To illustrate the effectiveness of the SS method, this paper compares the effect of the SS method with popular methods under different load conditions, including HT, Park’s vector modulus, TEO, and d-q transform. The results are shown in Figure 8. Three results can be obtained as follows.

(1)

The SS method and Park’s vector modulus have the best effect, and four signature frequency components are obvious in the spectra of the SS method under three load conditions. The spectra of the SS method and Park’s vector modulus are very similar. Theoretically, the results obtained by the two methods are consistent, but the principle of the SS method is simper than Park’s vector modulus.

(2)

In the spectra of classical methods, including the HT, TEO, and d-q transform methods, only two signature frequency components are discernible, and there is a strong interfering frequency component near 3f_brb and 4f_brb, which is caused by equipment noise.

(3)

For the experimental data used in this paper, the effectiveness of the d-q transform method is unsatisfying compared with other methods.

4.2.5. Comparison of Computation Cost

It can be seen from Section 3 that the principle of the SS method proposed is uncomplicated, which only needs to calculate the sum-of-squares of three-phase current signals. In theory, the calculation cost of the SS method is lower compared with other popular methods.

In order to investigate the computation cost of the SS method, different methods are used to process the same group data. The process is repeated 10,000 times, and the calculation time is compared. The results are shown in

Table 3. The runtime of different algorithms.
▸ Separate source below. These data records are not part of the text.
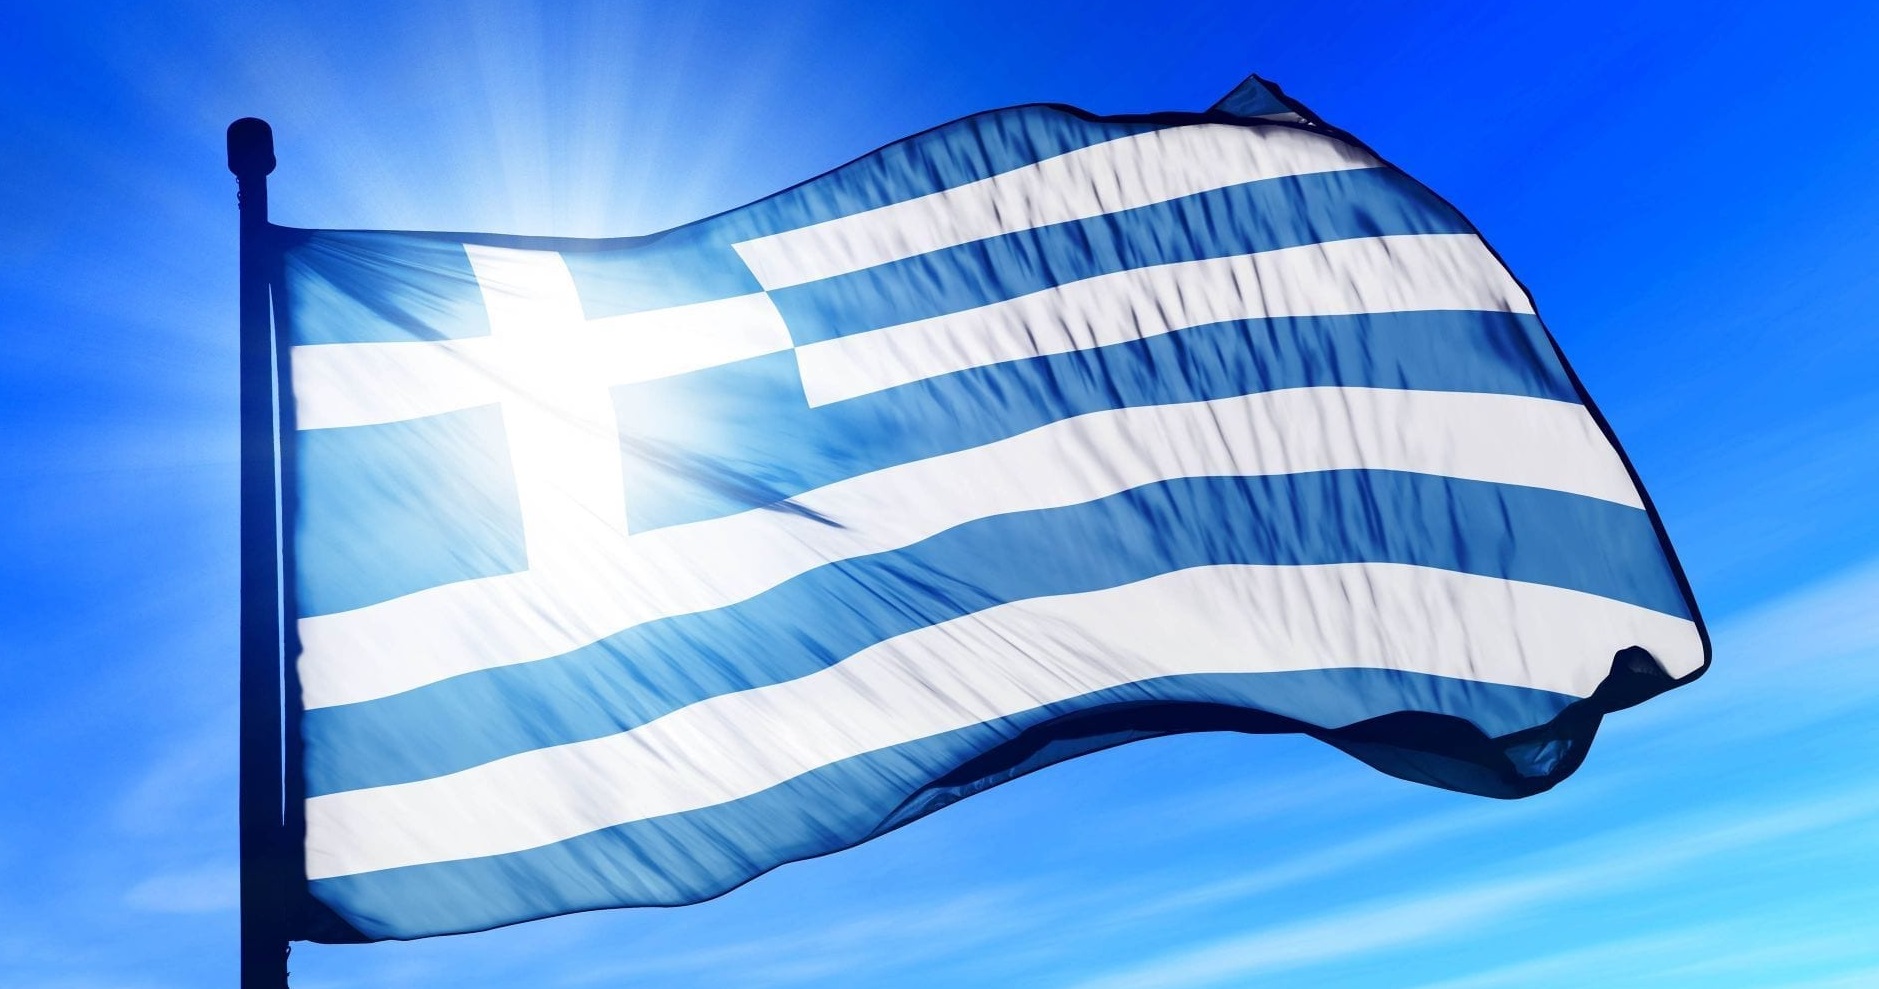 Yunanistan, Rusya'daki gelişmeler için kriz yönetim birimi kurdu
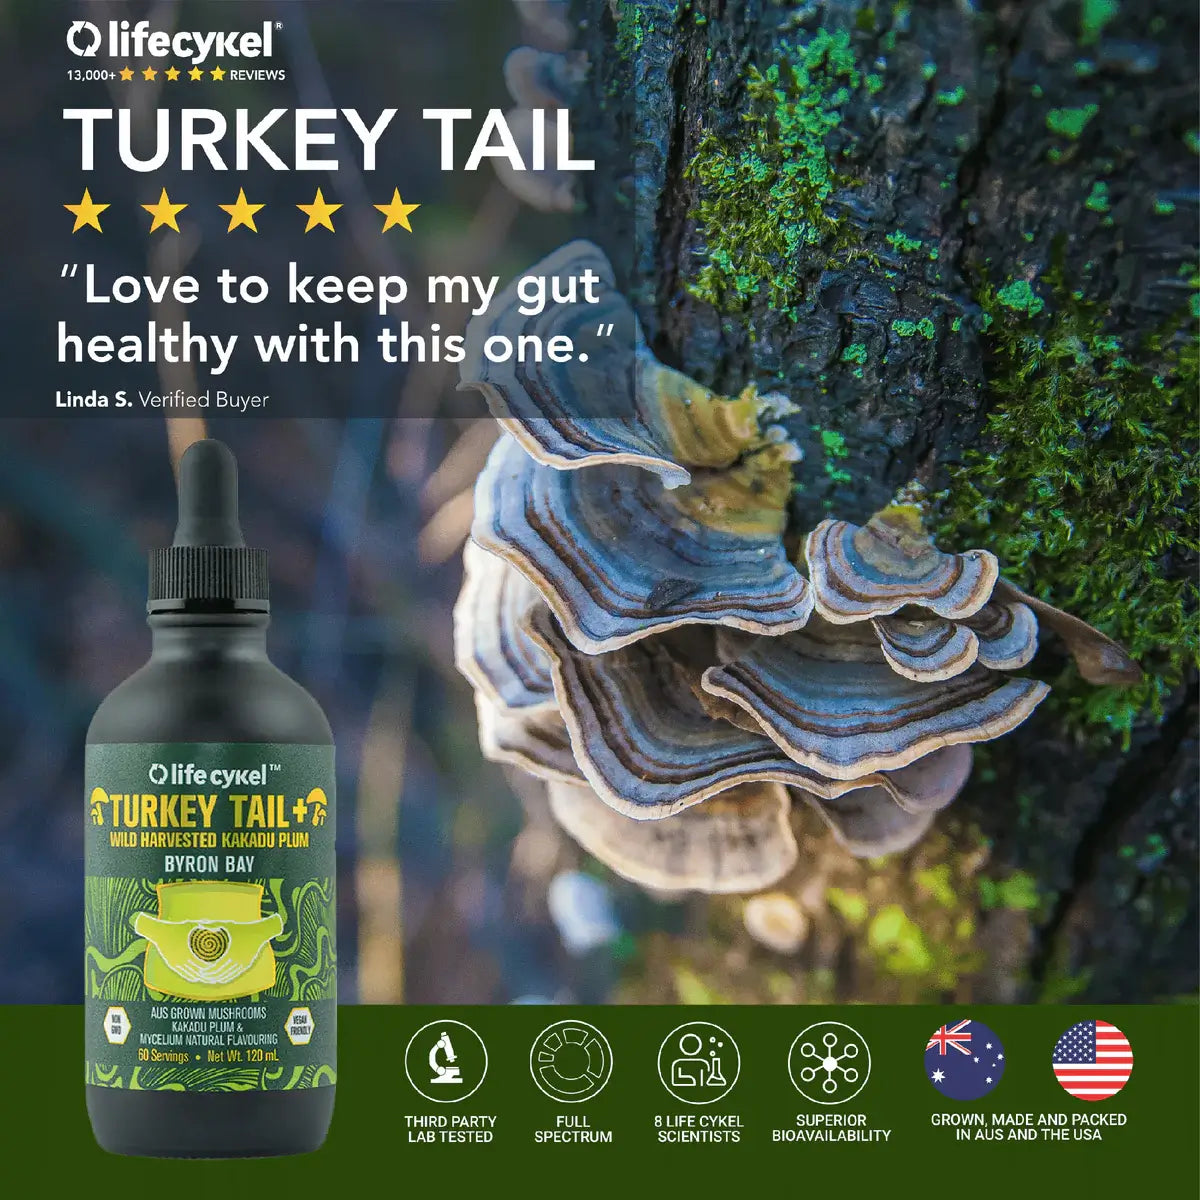 Life Cykel Turkey Tail Mushroom &amp; Kakadu Plum Trinity Extract - The Cannabis Company
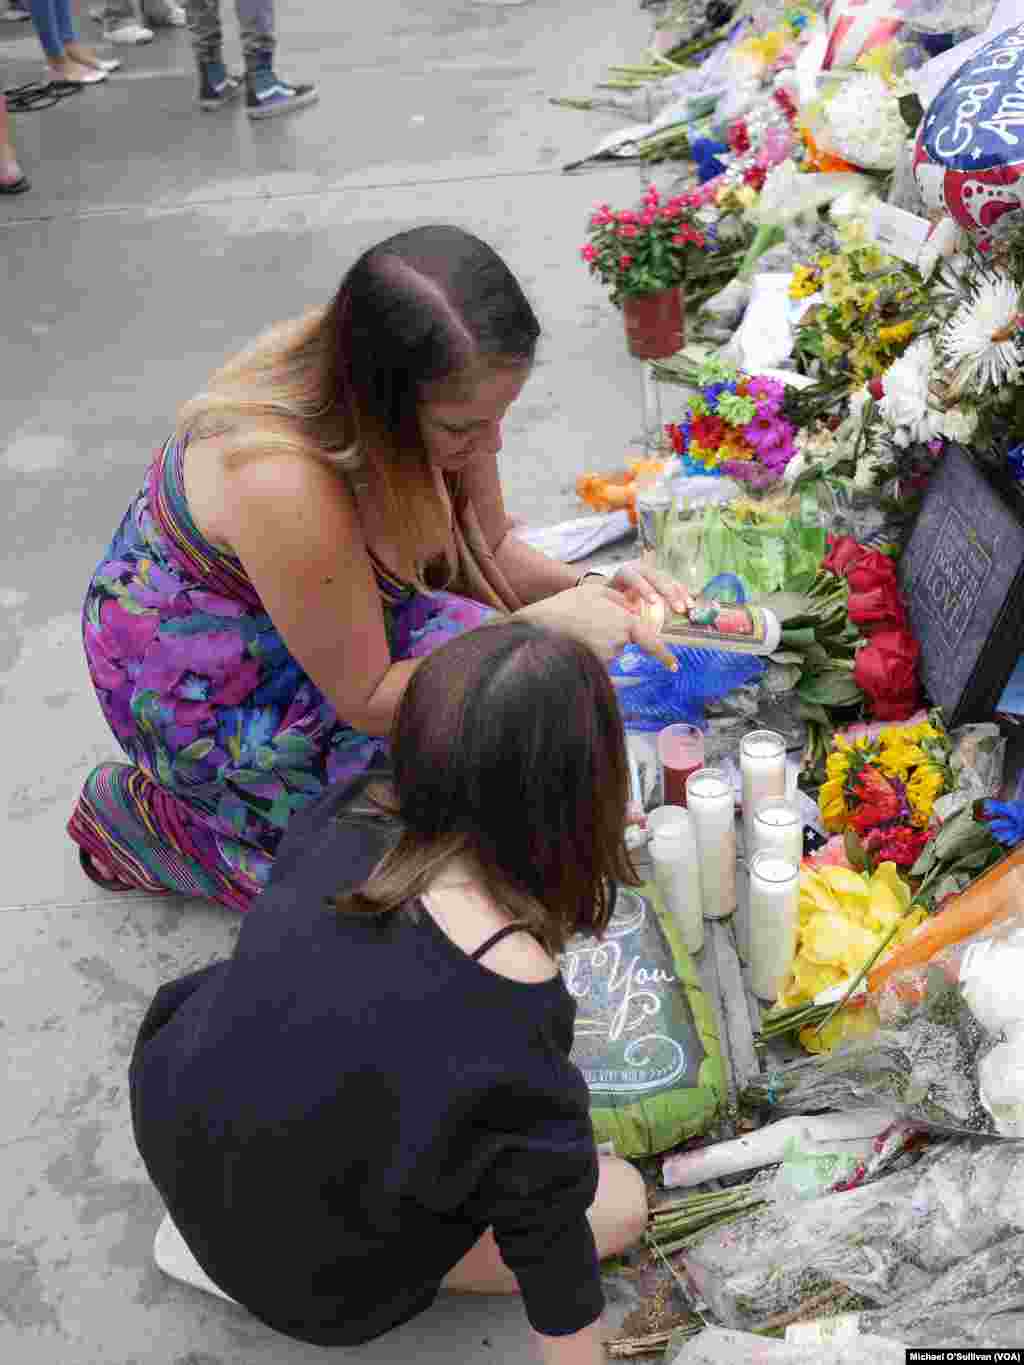 شهروندان بسیاری با اهدای گل و روشن کردن شمع٬ یاد پنج پلیس کشته شده را گرامی داشتند.
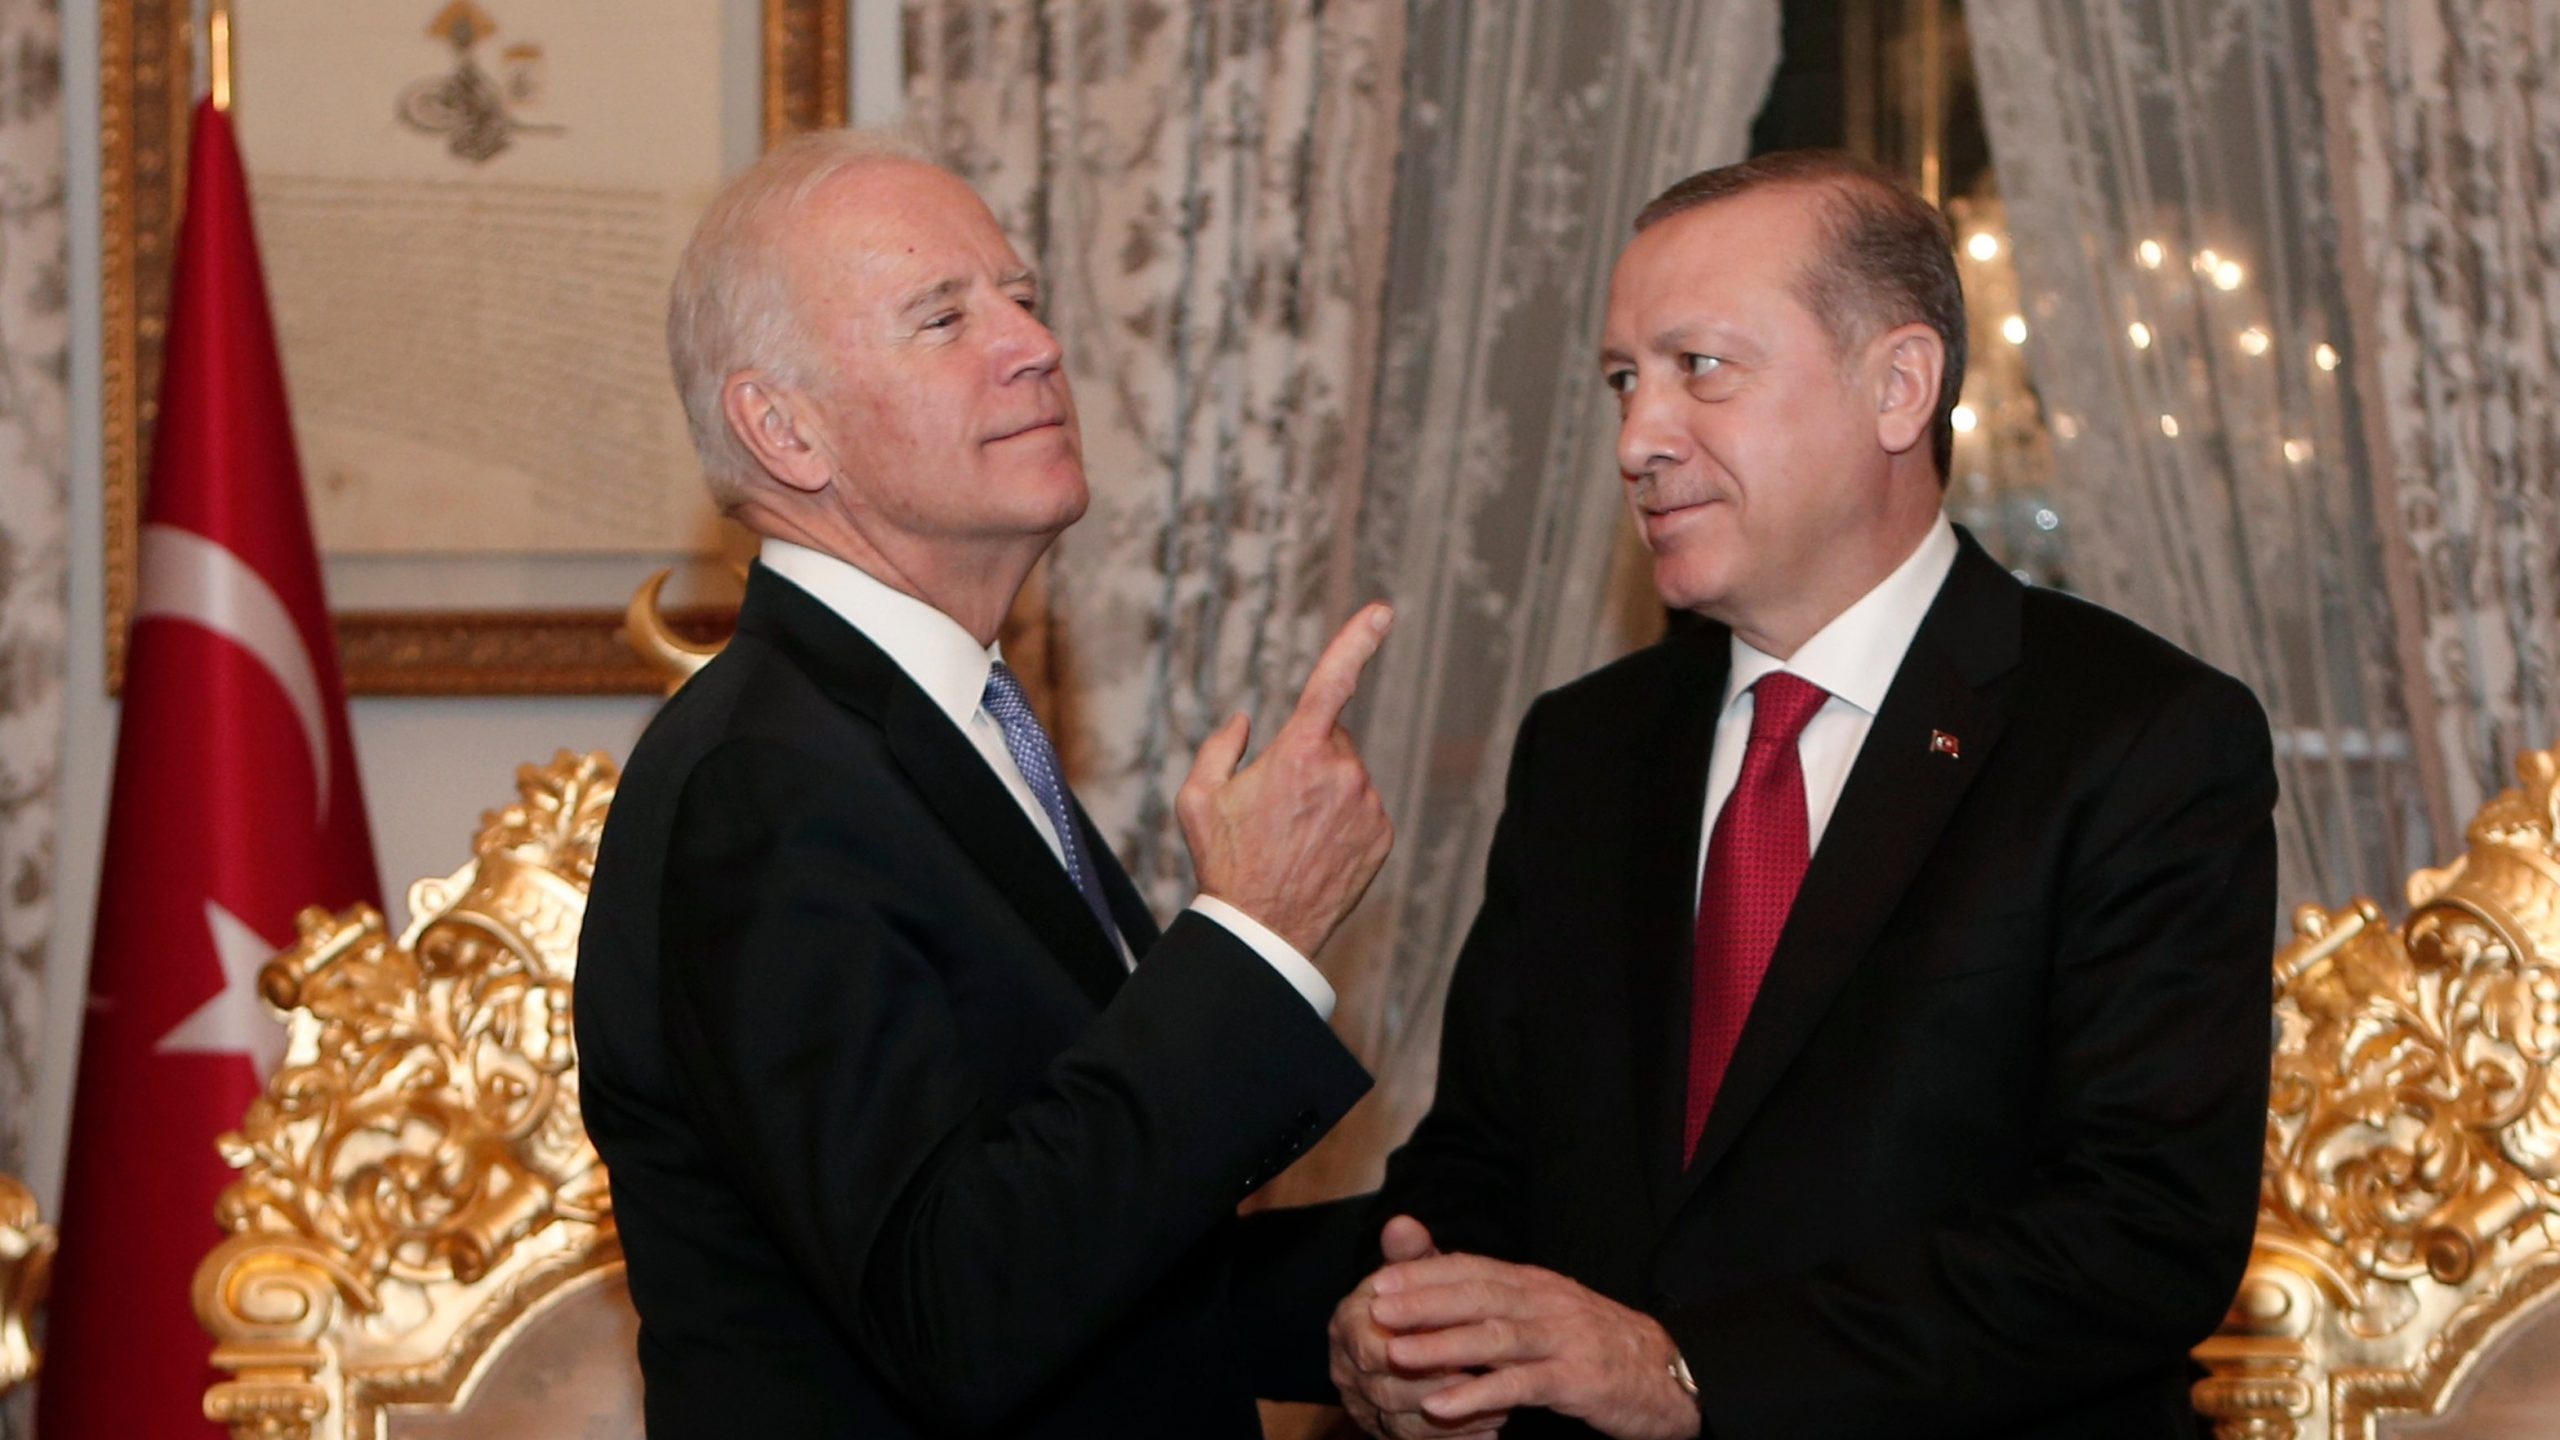 مسئولیت آمریکا در برابر تهدیدهای ترکیه و حل مسئله کردها

Load Level	Healthy Condition	Runtime of Different Algorithms (s)
		SS	HT	TEO	d-q	PARK
100%	faulty motor	0.000219	0.001289	0.000357	0.002605	0.000627
	healthy motor	0.000247	0.001596	0.000277	0.002257	0.000667
60%	faulty motor	0.000164	0.000908	0.000202	0.00203	0.000475
	healthy motor	0.000187	0.000994	0.000252	0.002269	0.000577
20%	faulty motor	0.000117	0.001015	0.000166	0.002034	0.000258
	healthy motor	0.000155	0.000914	0.000158	0.002051	0.000407
mean		0.000182	0.001119	0.000235	0.002208	0.000502

. The runtime of the SS method is the smallest among these methods. Figure 9 shows the ratio of runtime of other methods to the SS method. There is an obvious improvement compared with HT, d-q transformation, and Park’s vector modulus. This shows that the computation cost of the SS method is smaller than other popular methods.

5. Conclusions

In this paper, a simple SS method is proposed for the fault diagnosis of broken rotor bars of IMs. The SS method only needs to calculate the SS signal of three-phase current signals. In the spectrum of the SS signal, the signature frequency components are more obvious. The effectiveness of this method is verified by the experimental data and comparison with other popular methods. Through experimental data analysis, this method is shown to have the following advantages:

(1)

The SS method is effective for broken rotor bar diagnosis under different load conditions and different rotation speeds of the MFS test stand.

(2)

By comparing with the popular methods, including Park’s vector modulus, HT, TEO, and d-q transform, the effect of the SS method and Park’s vector modulus is the best of them. Theoretically, the SS method and Park’s vector modulus have the same effectiveness.

(3)

The principle of the SS method is simple and the computation cost is relatively smaller than many popular methods.

However, due to the limitation of experimental conditions, this paper does not discuss the effectiveness of the SS method in BRBs incipient fault detection, and the fault detection threshold for the quantification of BRBs is also not studied. Both of them are of great significance for accurately estimating the health conditions of IMs. In our future studies, we will focus on research into these challenges.